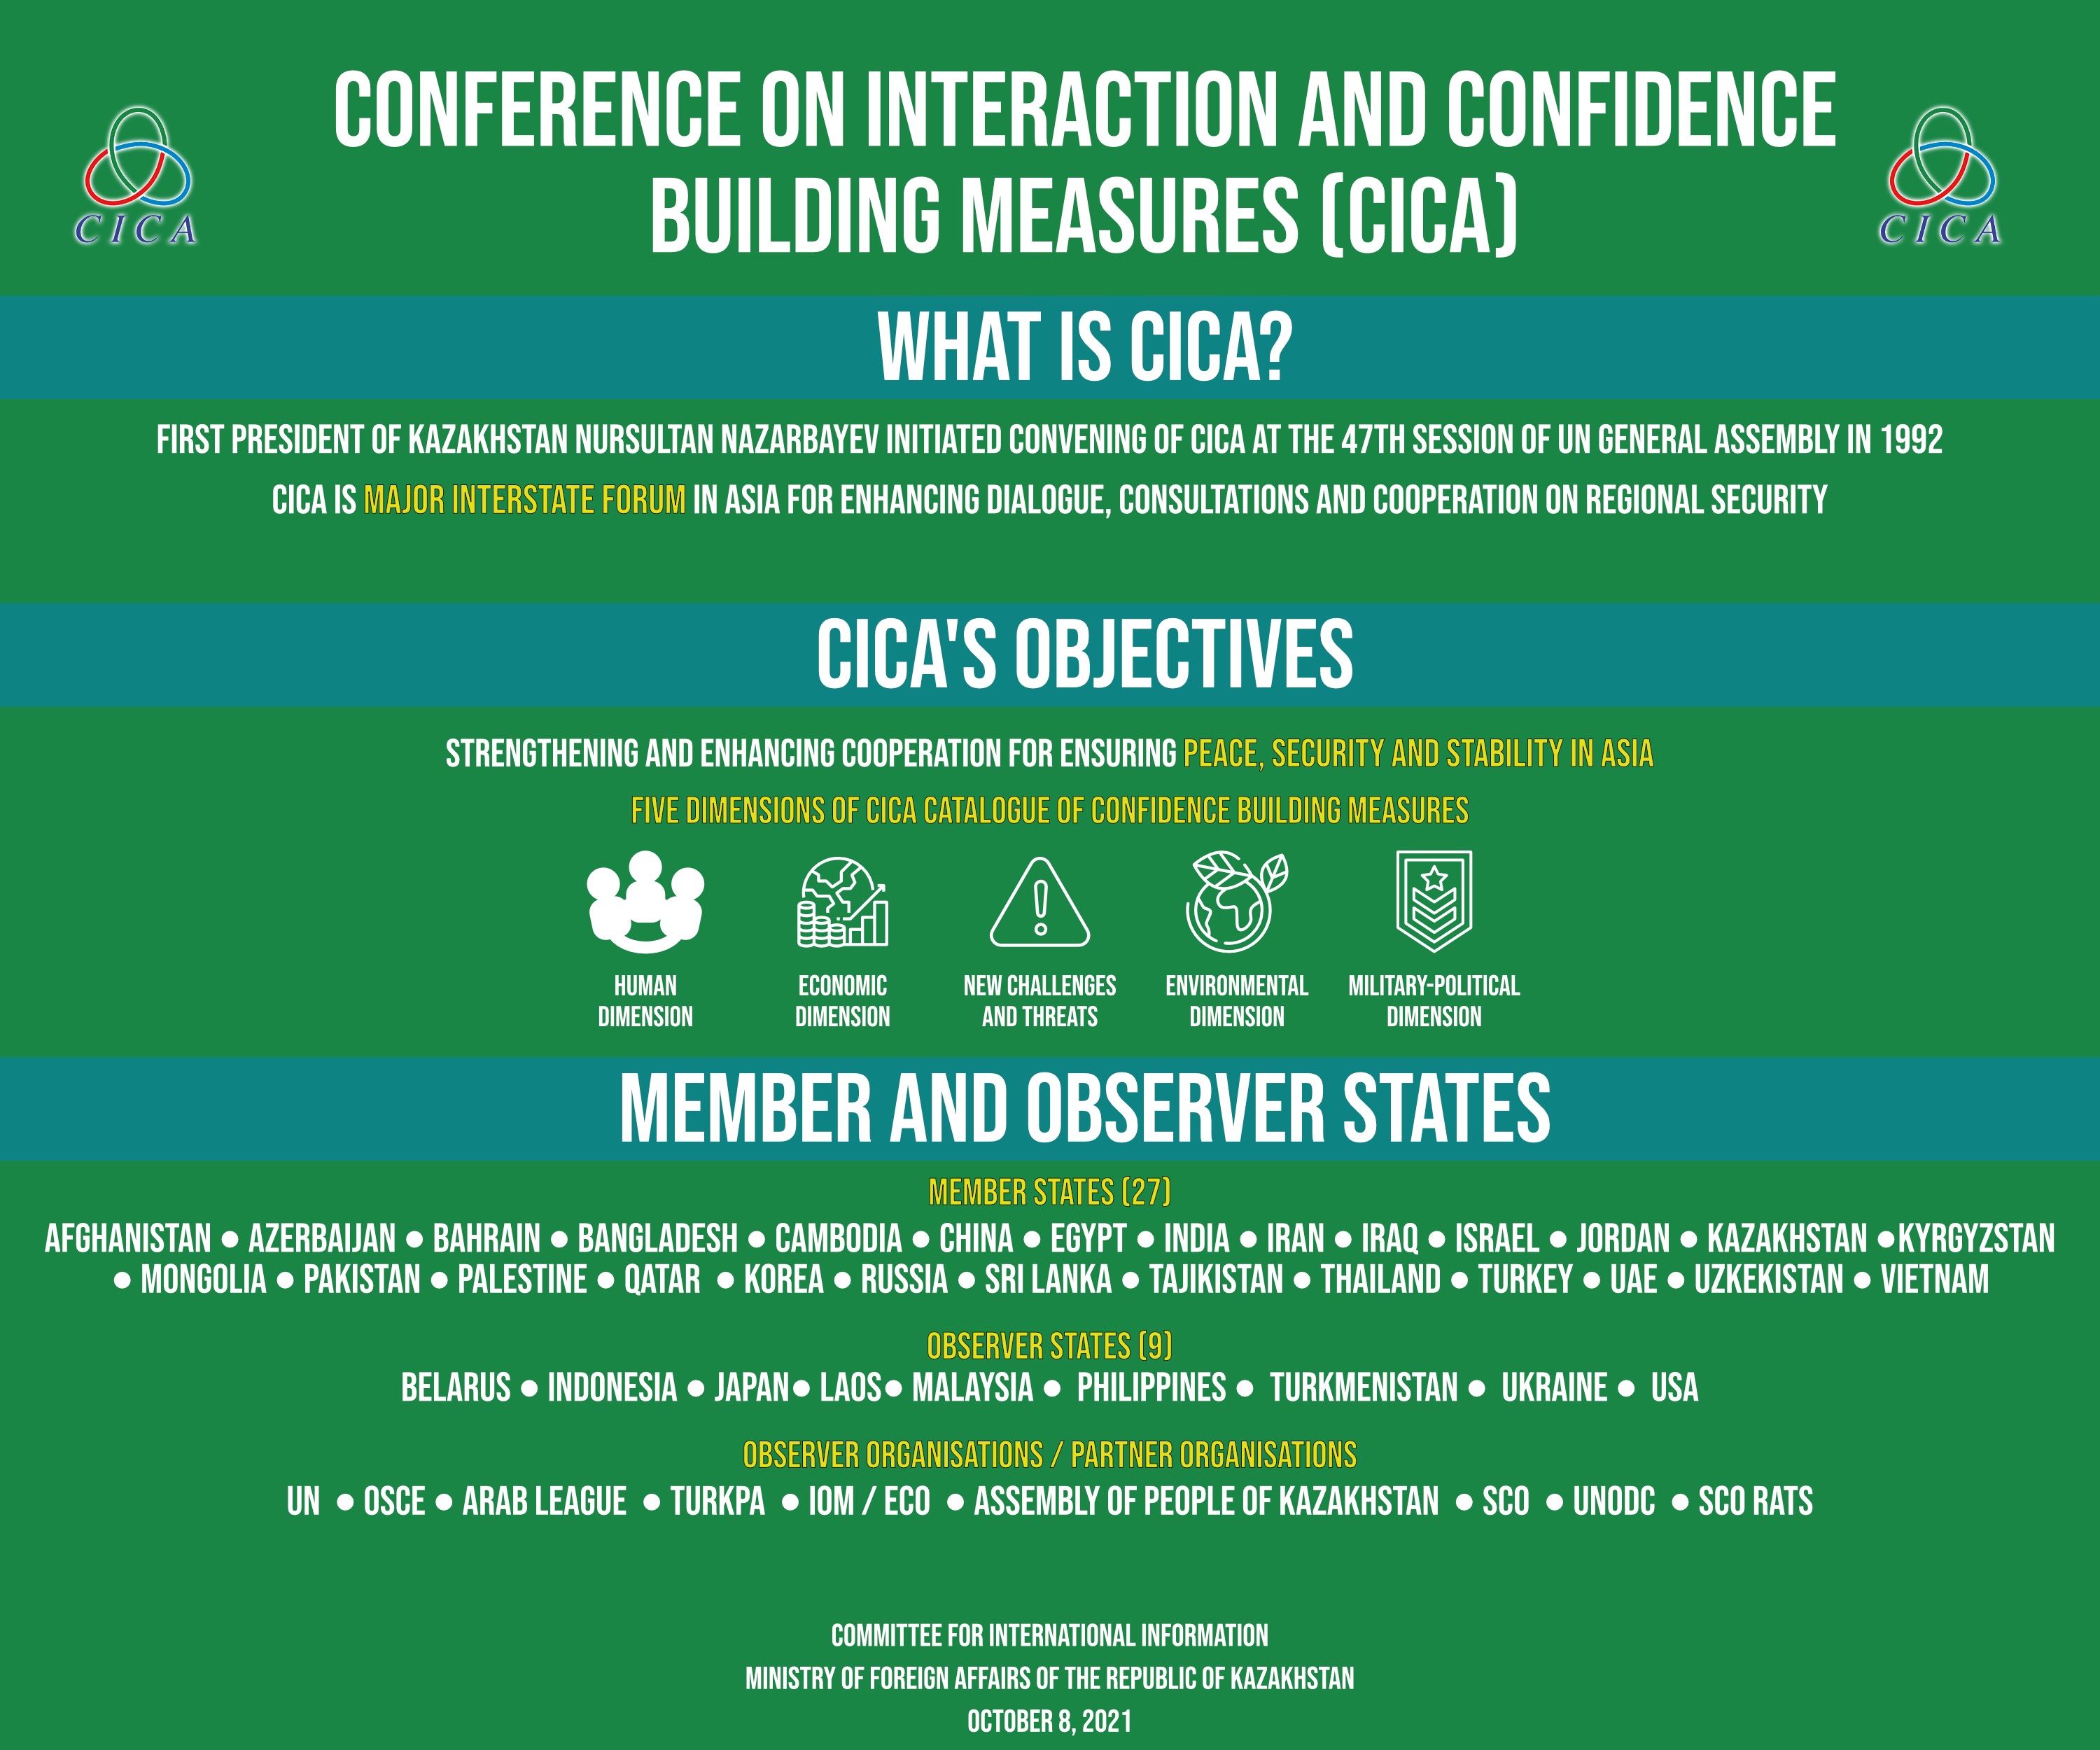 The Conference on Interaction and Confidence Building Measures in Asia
——————————
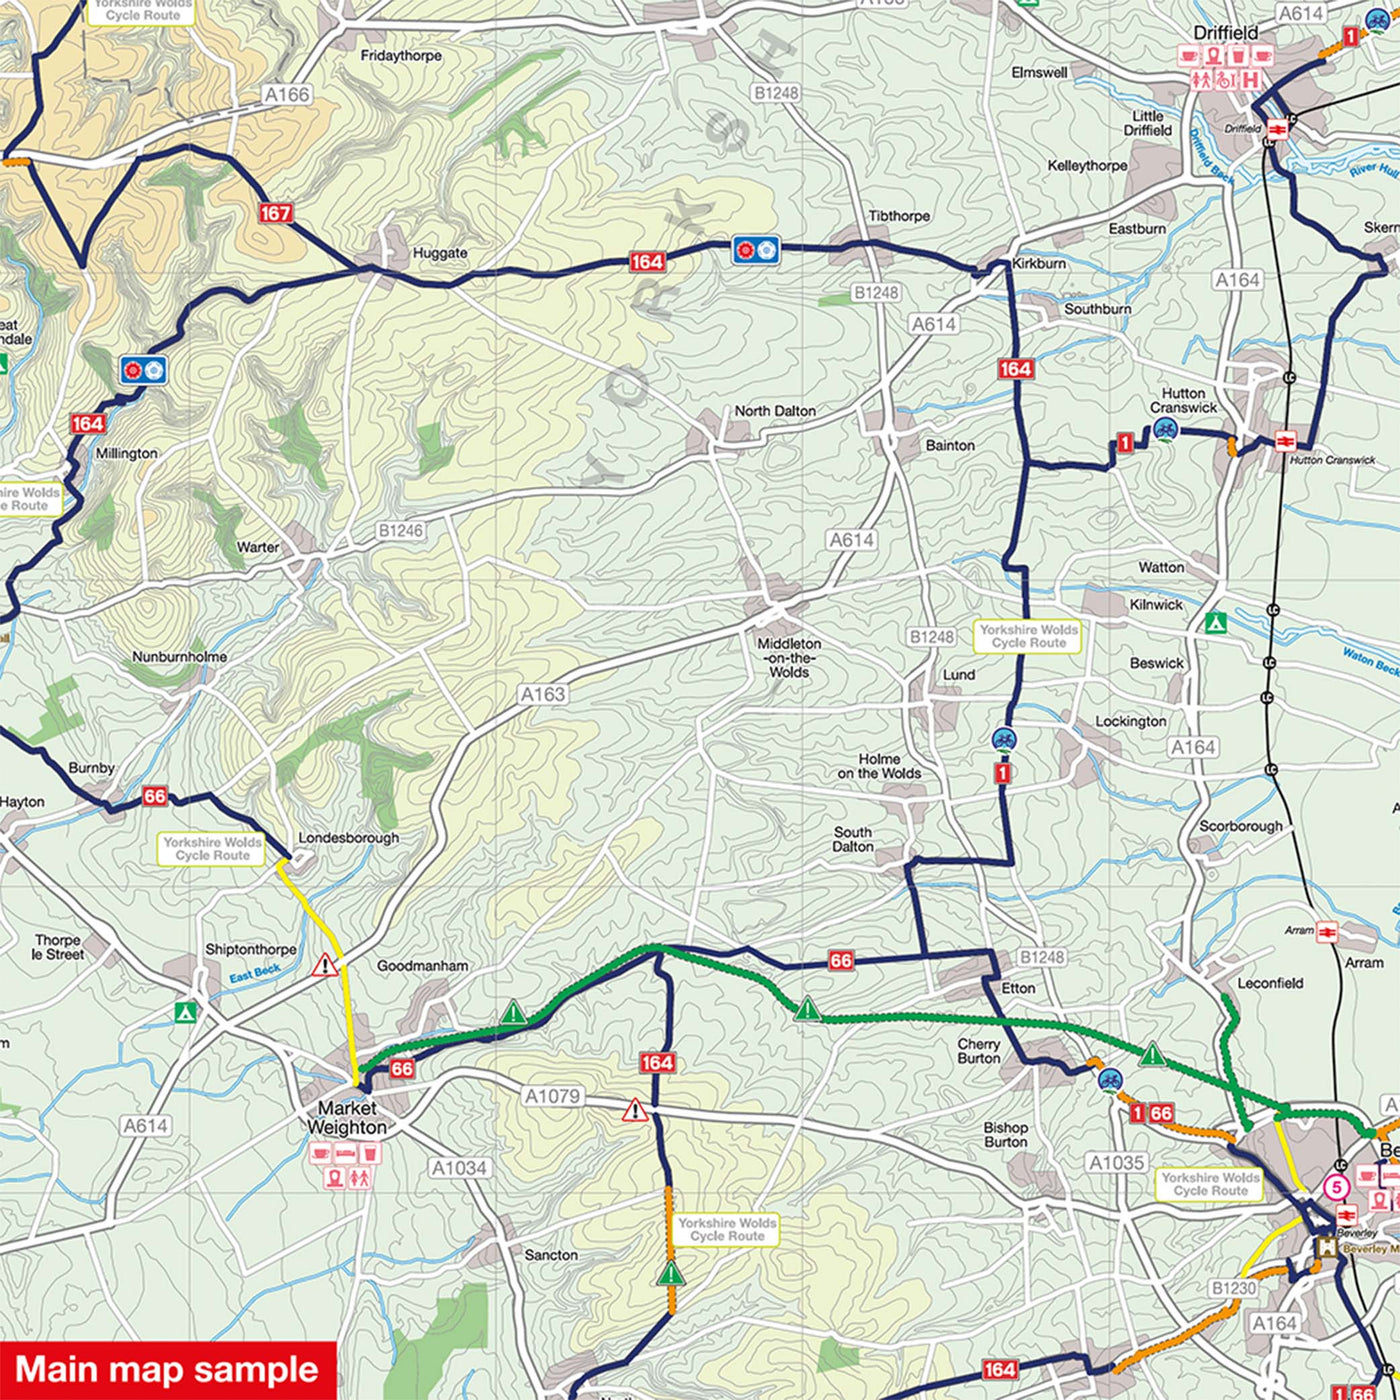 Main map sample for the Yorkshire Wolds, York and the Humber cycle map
——————————
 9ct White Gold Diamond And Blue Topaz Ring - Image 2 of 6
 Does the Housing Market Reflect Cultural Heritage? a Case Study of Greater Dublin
——————————
▶ **What you have to do**
Scan the lines above for "9ct White Gold" and for "Does the Housing". Repeat exactly the line holding each of them and every line in between.

▶ **Solved exercise**
 9ct White Gold Diamond And Blue Topaz Ring - Image 2 of 6
 Does the Housing Market Reflect Cultural Heritage? a Case Study of Greater Dublin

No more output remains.